Input for this task:
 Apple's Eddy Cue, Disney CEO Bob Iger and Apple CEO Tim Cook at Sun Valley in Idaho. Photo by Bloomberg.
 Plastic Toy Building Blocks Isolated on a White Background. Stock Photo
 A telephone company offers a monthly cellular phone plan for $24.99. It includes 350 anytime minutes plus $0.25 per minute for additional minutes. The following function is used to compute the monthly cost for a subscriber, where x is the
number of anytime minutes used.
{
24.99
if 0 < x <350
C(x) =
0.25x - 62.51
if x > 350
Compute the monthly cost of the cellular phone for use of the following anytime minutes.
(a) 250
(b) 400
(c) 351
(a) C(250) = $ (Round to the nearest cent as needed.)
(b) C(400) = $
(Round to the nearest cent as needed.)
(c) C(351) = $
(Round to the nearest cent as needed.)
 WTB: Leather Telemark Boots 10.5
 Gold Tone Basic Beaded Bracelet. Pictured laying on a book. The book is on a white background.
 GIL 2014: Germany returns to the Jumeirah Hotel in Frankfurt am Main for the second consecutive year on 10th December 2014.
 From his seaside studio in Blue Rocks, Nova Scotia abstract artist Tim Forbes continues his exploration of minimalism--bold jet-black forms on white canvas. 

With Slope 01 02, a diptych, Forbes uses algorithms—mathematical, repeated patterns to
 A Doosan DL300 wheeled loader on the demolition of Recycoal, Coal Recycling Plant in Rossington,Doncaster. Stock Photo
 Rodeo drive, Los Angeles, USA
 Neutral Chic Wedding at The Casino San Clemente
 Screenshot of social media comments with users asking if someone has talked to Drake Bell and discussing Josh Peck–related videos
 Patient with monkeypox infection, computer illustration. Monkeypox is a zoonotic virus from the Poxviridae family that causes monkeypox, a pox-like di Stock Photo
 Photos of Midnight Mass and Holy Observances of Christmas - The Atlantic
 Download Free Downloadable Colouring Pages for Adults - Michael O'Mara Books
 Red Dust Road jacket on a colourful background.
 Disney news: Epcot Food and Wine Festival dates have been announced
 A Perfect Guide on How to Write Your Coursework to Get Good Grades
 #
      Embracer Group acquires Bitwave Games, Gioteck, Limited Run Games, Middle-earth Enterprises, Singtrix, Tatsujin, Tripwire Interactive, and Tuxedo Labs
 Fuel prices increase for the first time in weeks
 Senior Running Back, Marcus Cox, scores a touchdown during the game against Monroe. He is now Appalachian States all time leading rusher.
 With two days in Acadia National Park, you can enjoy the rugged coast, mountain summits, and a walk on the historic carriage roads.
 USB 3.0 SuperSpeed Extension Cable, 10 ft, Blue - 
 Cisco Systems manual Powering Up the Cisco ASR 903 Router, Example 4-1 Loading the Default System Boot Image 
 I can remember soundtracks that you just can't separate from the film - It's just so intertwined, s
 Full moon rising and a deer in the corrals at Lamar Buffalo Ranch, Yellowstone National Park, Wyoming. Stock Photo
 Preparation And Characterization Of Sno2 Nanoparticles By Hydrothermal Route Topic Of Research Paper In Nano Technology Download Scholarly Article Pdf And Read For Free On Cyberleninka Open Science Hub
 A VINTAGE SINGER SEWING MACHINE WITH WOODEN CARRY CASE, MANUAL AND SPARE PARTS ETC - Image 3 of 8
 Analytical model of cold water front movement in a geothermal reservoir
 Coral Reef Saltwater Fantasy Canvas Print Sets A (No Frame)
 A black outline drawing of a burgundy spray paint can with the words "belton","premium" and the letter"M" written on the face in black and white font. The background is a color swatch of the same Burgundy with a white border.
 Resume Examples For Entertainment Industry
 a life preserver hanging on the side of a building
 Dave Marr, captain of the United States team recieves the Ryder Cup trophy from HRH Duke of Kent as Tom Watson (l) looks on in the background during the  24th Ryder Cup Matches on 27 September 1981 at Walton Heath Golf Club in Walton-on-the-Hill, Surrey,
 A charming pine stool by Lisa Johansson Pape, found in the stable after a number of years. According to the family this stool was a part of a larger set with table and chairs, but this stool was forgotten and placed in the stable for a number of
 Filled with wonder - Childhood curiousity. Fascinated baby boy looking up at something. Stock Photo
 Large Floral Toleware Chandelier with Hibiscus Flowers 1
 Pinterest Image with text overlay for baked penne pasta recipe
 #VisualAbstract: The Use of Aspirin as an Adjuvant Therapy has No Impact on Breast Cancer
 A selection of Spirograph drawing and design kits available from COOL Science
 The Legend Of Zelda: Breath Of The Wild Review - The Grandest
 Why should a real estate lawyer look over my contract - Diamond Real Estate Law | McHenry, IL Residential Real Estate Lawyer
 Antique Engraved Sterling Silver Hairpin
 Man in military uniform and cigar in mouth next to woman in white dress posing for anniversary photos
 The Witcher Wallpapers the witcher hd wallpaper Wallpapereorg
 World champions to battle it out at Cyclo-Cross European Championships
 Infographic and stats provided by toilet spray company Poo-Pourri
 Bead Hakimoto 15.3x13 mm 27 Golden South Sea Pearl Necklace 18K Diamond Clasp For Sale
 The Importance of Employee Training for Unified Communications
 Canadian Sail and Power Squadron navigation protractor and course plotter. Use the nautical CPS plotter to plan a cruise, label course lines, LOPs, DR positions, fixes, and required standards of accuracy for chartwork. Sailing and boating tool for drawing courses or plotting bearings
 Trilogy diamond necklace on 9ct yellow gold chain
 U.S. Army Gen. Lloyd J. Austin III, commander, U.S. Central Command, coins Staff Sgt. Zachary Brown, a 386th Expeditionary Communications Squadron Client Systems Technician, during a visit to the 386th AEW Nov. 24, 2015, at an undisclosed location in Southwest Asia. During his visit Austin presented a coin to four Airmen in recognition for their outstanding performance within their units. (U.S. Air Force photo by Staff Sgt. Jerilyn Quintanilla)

Task directions: Take the listing above and write it out again exactly.

Solution:
 Apple's Eddy Cue, Disney CEO Bob Iger and Apple CEO Tim Cook at Sun Valley in Idaho. Photo by Bloomberg.
 Plastic Toy Building Blocks Isolated on a White Background. Stock Photo
 A telephone company offers a monthly cellular phone plan for $24.99. It includes 350 anytime minutes plus $0.25 per minute for additional minutes. The following function is used to compute the monthly cost for a subscriber, where x is the
number of anytime minutes used.
{
24.99
if 0 < x <350
C(x) =
0.25x - 62.51
if x > 350
Compute the monthly cost of the cellular phone for use of the following anytime minutes.
(a) 250
(b) 400
(c) 351
(a) C(250) = $ (Round to the nearest cent as needed.)
(b) C(400) = $
(Round to the nearest cent as needed.)
(c) C(351) = $
(Round to the nearest cent as needed.)
 WTB: Leather Telemark Boots 10.5
 Gold Tone Basic Beaded Bracelet. Pictured laying on a book. The book is on a white background.
 GIL 2014: Germany returns to the Jumeirah Hotel in Frankfurt am Main for the second consecutive year on 10th December 2014.
 From his seaside studio in Blue Rocks, Nova Scotia abstract artist Tim Forbes continues his exploration of minimalism--bold jet-black forms on white canvas. 

With Slope 01 02, a diptych, Forbes uses algorithms—mathematical, repeated patterns to
 A Doosan DL300 wheeled loader on the demolition of Recycoal, Coal Recycling Plant in Rossington,Doncaster. Stock Photo
 Rodeo drive, Los Angeles, USA
 Neutral Chic Wedding at The Casino San Clemente
 Screenshot of social media comments with users asking if someone has talked to Drake Bell and discussing Josh Peck–related videos
 Patient with monkeypox infection, computer illustration. Monkeypox is a zoonotic virus from the Poxviridae family that causes monkeypox, a pox-like di Stock Photo
 Photos of Midnight Mass and Holy Observances of Christmas - The Atlantic
 Download Free Downloadable Colouring Pages for Adults - Michael O'Mara Books
 Red Dust Road jacket on a colourful background.
 Disney news: Epcot Food and Wine Festival dates have been announced
 A Perfect Guide on How to Write Your Coursework to Get Good Grades
 #
      Embracer Group acquires Bitwave Games, Gioteck, Limited Run Games, Middle-earth Enterprises, Singtrix, Tatsujin, Tripwire Interactive, and Tuxedo Labs
 Fuel prices increase for the first time in weeks
 Senior Running Back, Marcus Cox, scores a touchdown during the game against Monroe. He is now Appalachian States all time leading rusher.
 With two days in Acadia National Park, you can enjoy the rugged coast, mountain summits, and a walk on the historic carriage roads.
 USB 3.0 SuperSpeed Extension Cable, 10 ft, Blue - 
 Cisco Systems manual Powering Up the Cisco ASR 903 Router, Example 4-1 Loading the Default System Boot Image 
 I can remember soundtracks that you just can't separate from the film - It's just so intertwined, s
 Full moon rising and a deer in the corrals at Lamar Buffalo Ranch, Yellowstone National Park, Wyoming. Stock Photo
 Preparation And Characterization Of Sno2 Nanoparticles By Hydrothermal Route Topic Of Research Paper In Nano Technology Download Scholarly Article Pdf And Read For Free On Cyberleninka Open Science Hub
 A VINTAGE SINGER SEWING MACHINE WITH WOODEN CARRY CASE, MANUAL AND SPARE PARTS ETC - Image 3 of 8
 Analytical model of cold water front movement in a geothermal reservoir
 Coral Reef Saltwater Fantasy Canvas Print Sets A (No Frame)
 A black outline drawing of a burgundy spray paint can with the words "belton","premium" and the letter"M" written on the face in black and white font. The background is a color swatch of the same Burgundy with a white border.
 Resume Examples For Entertainment Industry
 a life preserver hanging on the side of a building
 Dave Marr, captain of the United States team recieves the Ryder Cup trophy from HRH Duke of Kent as Tom Watson (l) looks on in the background during the  24th Ryder Cup Matches on 27 September 1981 at Walton Heath Golf Club in Walton-on-the-Hill, Surrey,
 A charming pine stool by Lisa Johansson Pape, found in the stable after a number of years. According to the family this stool was a part of a larger set with table and chairs, but this stool was forgotten and placed in the stable for a number of
 Filled with wonder - Childhood curiousity. Fascinated baby boy looking up at something. Stock Photo
 Large Floral Toleware Chandelier with Hibiscus Flowers 1
 Pinterest Image with text overlay for baked penne pasta recipe
 #VisualAbstract: The Use of Aspirin as an Adjuvant Therapy has No Impact on Breast Cancer
 A selection of Spirograph drawing and design kits available from COOL Science
 The Legend Of Zelda: Breath Of The Wild Review - The Grandest
 Why should a real estate lawyer look over my contract - Diamond Real Estate Law | McHenry, IL Residential Real Estate Lawyer
 Antique Engraved Sterling Silver Hairpin
 Man in military uniform and cigar in mouth next to woman in white dress posing for anniversary photos
 The Witcher Wallpapers the witcher hd wallpaper Wallpapereorg
 World champions to battle it out at Cyclo-Cross European Championships
 Infographic and stats provided by toilet spray company Poo-Pourri
 Bead Hakimoto 15.3x13 mm 27 Golden South Sea Pearl Necklace 18K Diamond Clasp For Sale
 The Importance of Employee Training for Unified Communications
 Canadian Sail and Power Squadron navigation protractor and course plotter. Use the nautical CPS plotter to plan a cruise, label course lines, LOPs, DR positions, fixes, and required standards of accuracy for chartwork. Sailing and boating tool for drawing courses or plotting bearings
 Trilogy diamond necklace on 9ct yellow gold chain
 U.S. Army Gen. Lloyd J. Austin III, commander, U.S. Central Command, coins Staff Sgt. Zachary Brown, a 386th Expeditionary Communications Squadron Client Systems Technician, during a visit to the 386th AEW Nov. 24, 2015, at an undisclosed location in Southwest Asia. During his visit Austin presented a coin to four Airmen in recognition for their outstanding performance within their units. (U.S. Air Force photo by Staff Sgt. Jerilyn Quintanilla)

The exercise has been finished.